***** Source data
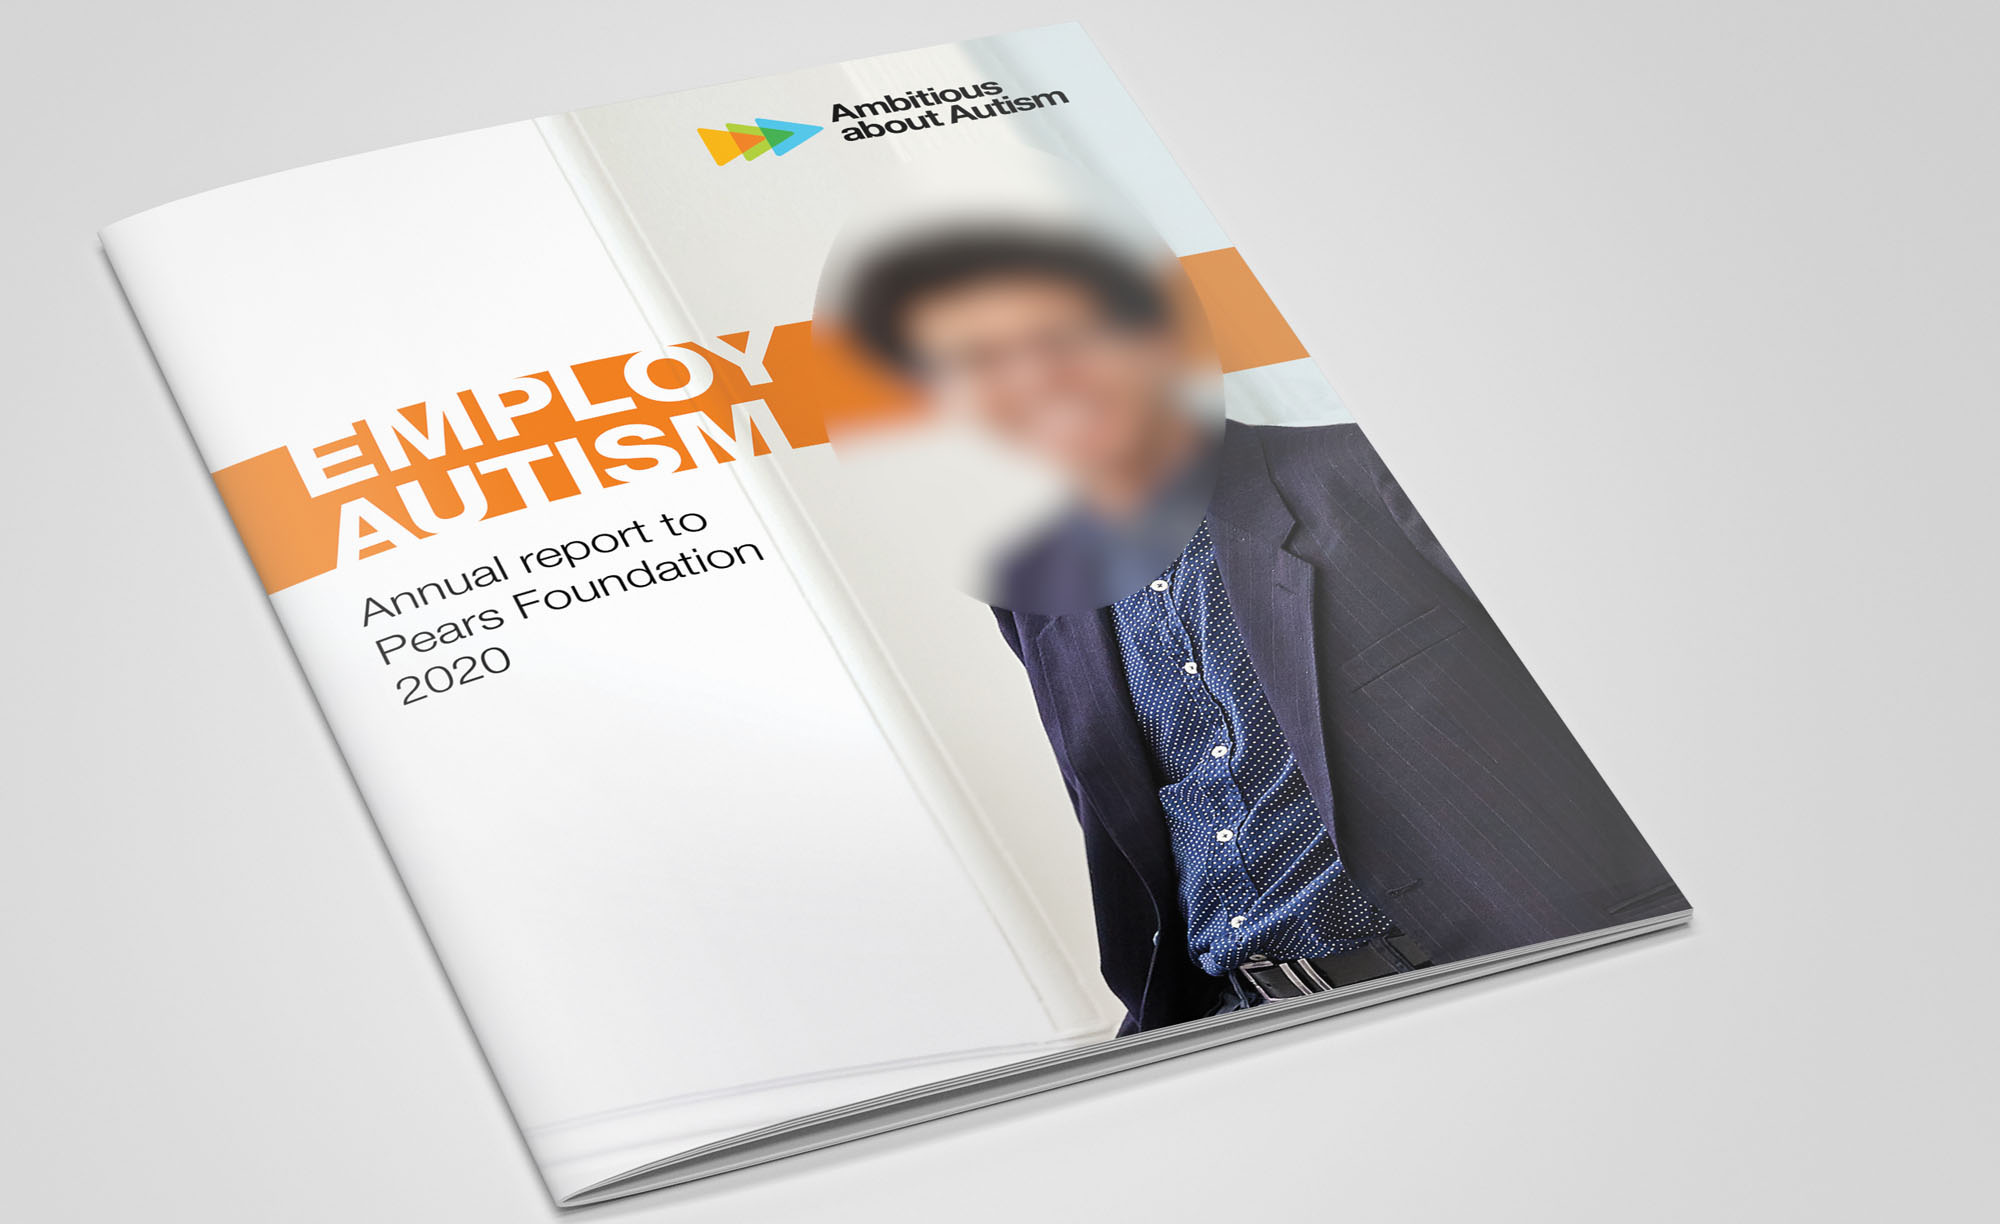 Ambitions about autism employ autism annual report
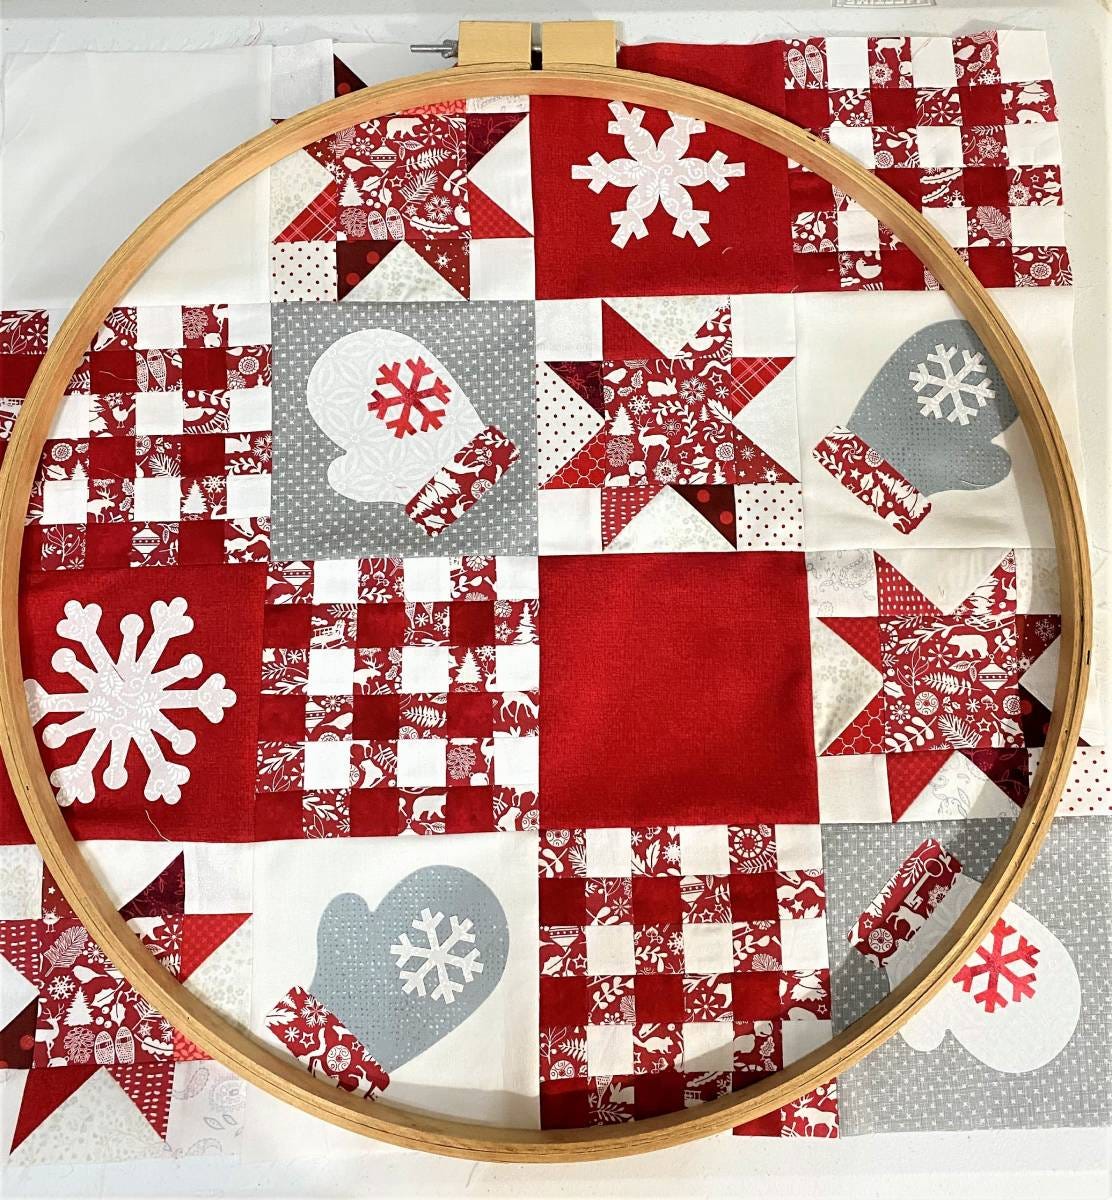 patchwork larger than embroidery hoop-1
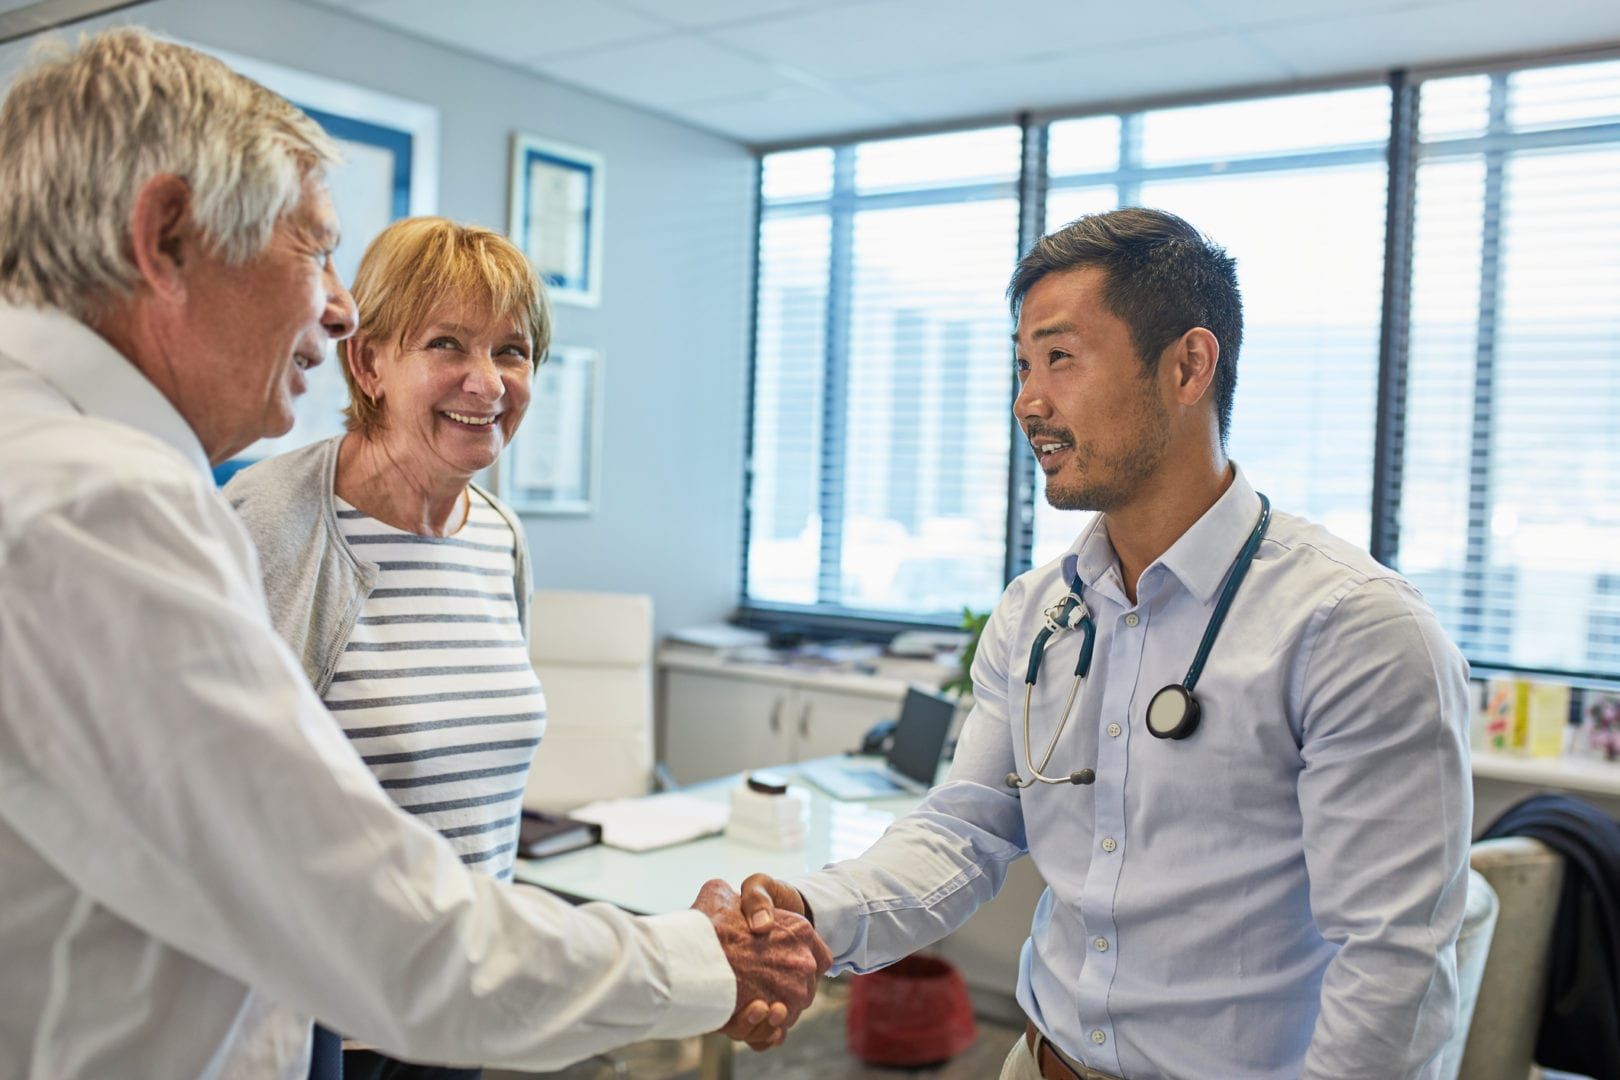 8 tips for communicating effectively with your parent’s medical team
**********
- **Try it**:
Reproduce exactly and only the lines from the line that contains "patchwork larger than embroidery hoop-1" to the end of the data above, both ends included. No pictures go in the copy.

- **Output for this exercise**:
 patchwork larger than embroidery hoop-1
 8 tips for communicating effectively with your parent’s medical team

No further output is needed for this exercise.